Es indudable que la paridad cambiaria es una de las variables claves que explican la resurrección de muchos sectores y, por ende, parte importante de la fuerte y acelerada recuperación general de la postconvertibilidad. Sobresalen, es obvio, las actividades transables que más habían sufrido con el atraso cambiario, y que desde la devaluación más rápido recuperaron mercado interno sustituyendo o mercados de exportación.
Ejemplo de lo primero es el rubro textil, que esta semana estará celebrando la primera convención que la Fundación ProTejer organiza en la Sociedad Rural Argentina, donde difícilmente se respire tanta prosperidad como el mes pasado durante la exposición agro-ganadera, pero donde seguramente habrá buen clima. Algunas cifras lo justifican. Tras la debacle aperturista de los años ’90, que se comió miles de firmas, redujo la capacidad productiva de toda la cadena a menos de la mitad de lo que había a inicios de los años ’70 y que barrió con 300.000 puestos de trabajo directos, en los últimos tres años se registra: un salto en la producción que ya sobrepasó el nivel máximo registrado durante la década pasada en 1997, un uso de la capacidad instalada que promedia el 75 por ciento, inversiones significativas en equipamiento y capital de trabajo, y la recuperación de la mitad del empleo que se había perdido, entre otros logros.
Pero más allá de este dato microeconómico, y de la euforia con que el Gobierno difunde la caída en el índice de desocupación, lo cierto es que el comportamiento más reciente del mercado laboral despierta algunas inquietudes. Una de ellas es por la brusca desaceleración que hubo en el ritmo de creación de empleo.

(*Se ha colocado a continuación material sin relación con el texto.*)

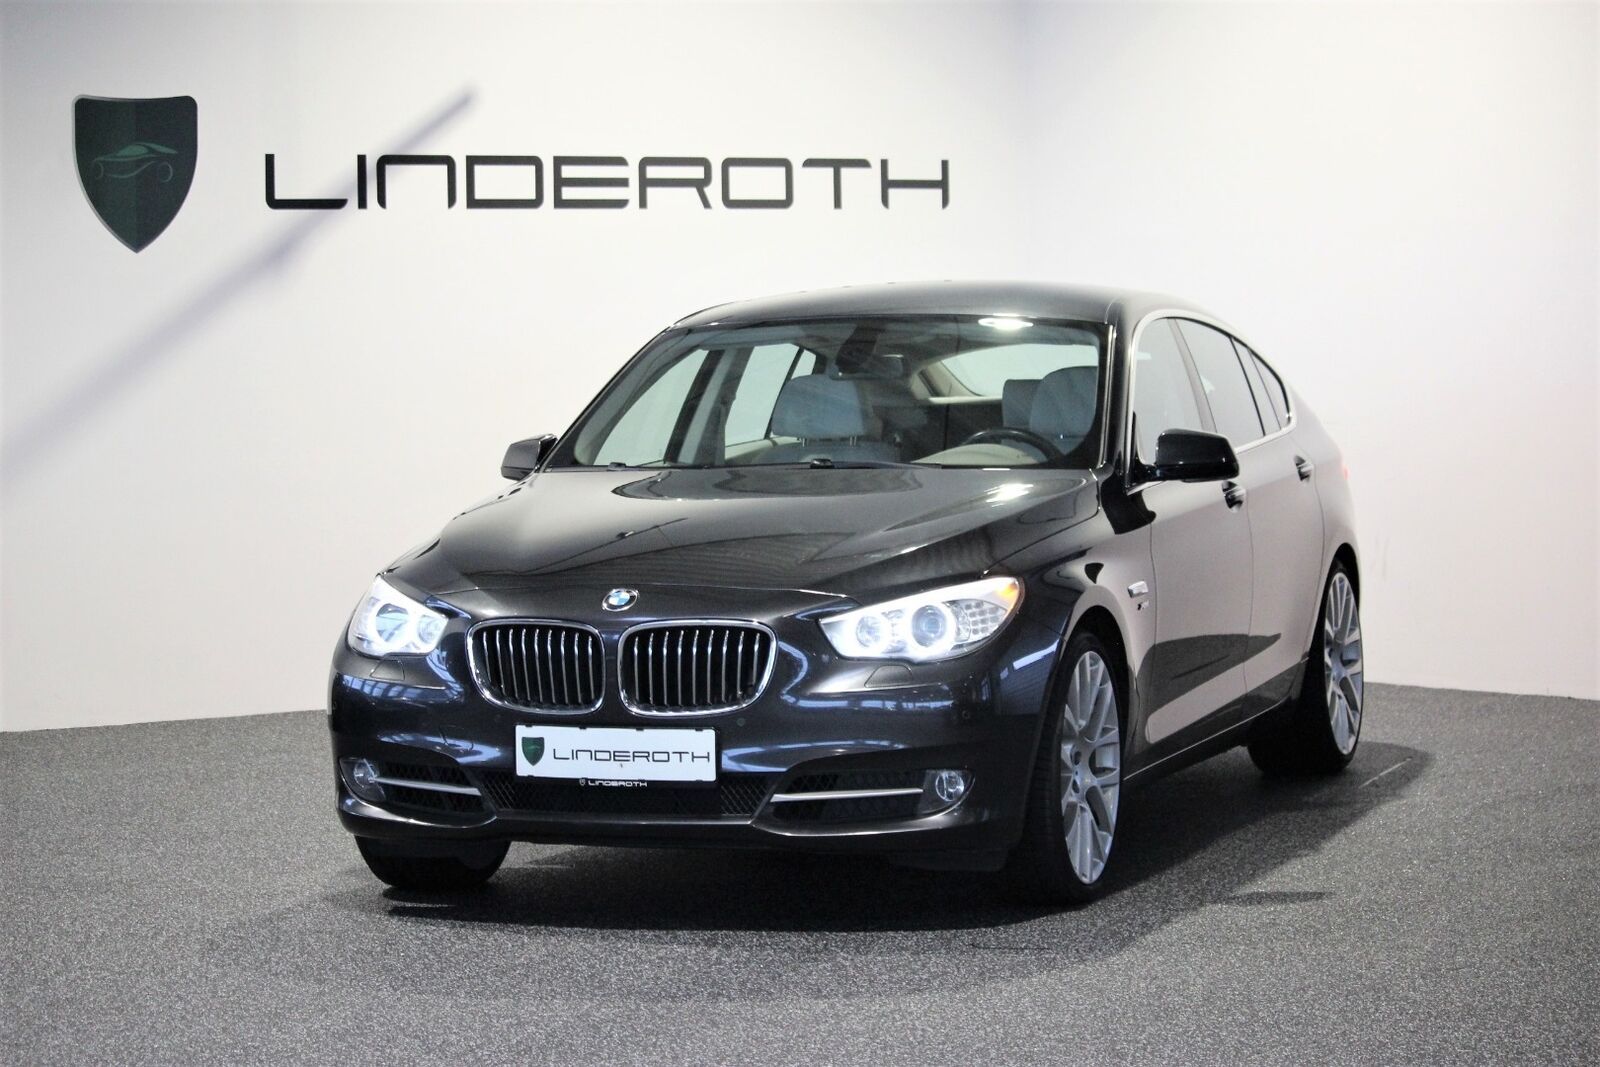 BMW 535d 3,0 Gran Turismo xDrive aut. 5d - 329.500 kr.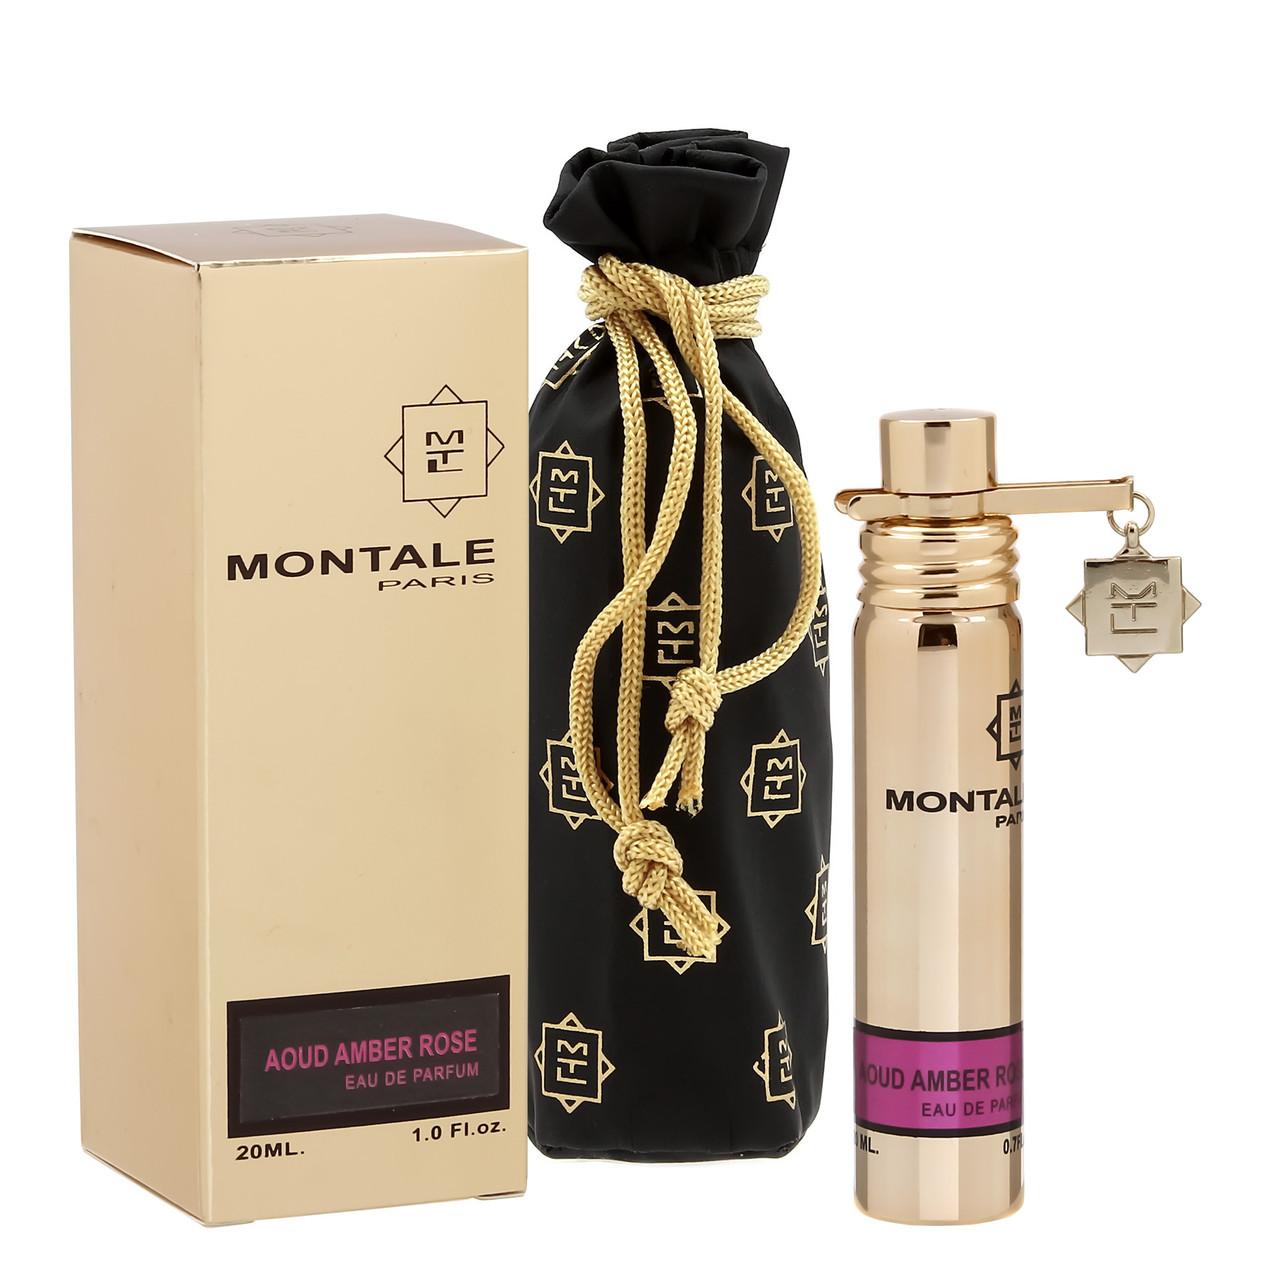 Парфюмированная вода с феромонами унисекс Montale Aoud Amber Rose,20 мл

Si se toman en consideración los últimos dos años y medio se observa que, en números gruesos, se generaron 2 millones de nuevos puestos de trabajo genuinos (es decir excluyendo los planes Jefas y Jefes de Hogar), que sirvieron para absorber 800.000 personas que se sumaron al mercado laboral y para acabar con el desempleo de 1,2 millones de personas; traducido a porcentajes esto se reflejó en una caída desde casi el 22 en el año 2002 al 15,7 por ciento ahora, si se lo mide correctamente excluyendo a los que reciben subsidios.
Pero si se desagrega todo ese período aparece una tendencia preocupante. Mientras en el año 2003 el empleo subía un punto porcentual por cada punto de aumento en el PBI, el año pasado esa elasticidad bajó a 0,7 de aumento en el empleo por cada punto de alza de la economía, y si se compara el primer semestre de este año con igual período del año pasado la elasticidad cayó a 0,4, que es incluso inferior al promedio que se registró durante la convertibilidad. Llevado a número de personas, la economía está creando anualmente una cantidad de nuevos puestos de trabajo que no es demasiado superior a los que se incorporan al mercado, de lo cual se desprende la desaceleración última en la tasa de desempleo, y eso cubre de nubarrones las expectativas de llegar rápidamente a una tasa de desocupación de un dígito.
Superponiendo el consenso tan contundente sobre la necesidad de un tipo de cambio competitivo con esta tendencia en el empleo, se llega a una conclusión que por elemental no deja de ser importante: la paridad cambiaria es una herramienta que bien usada es poderosísima para estimular el crecimiento, siempre y cuando se la complemente de manera adecuada.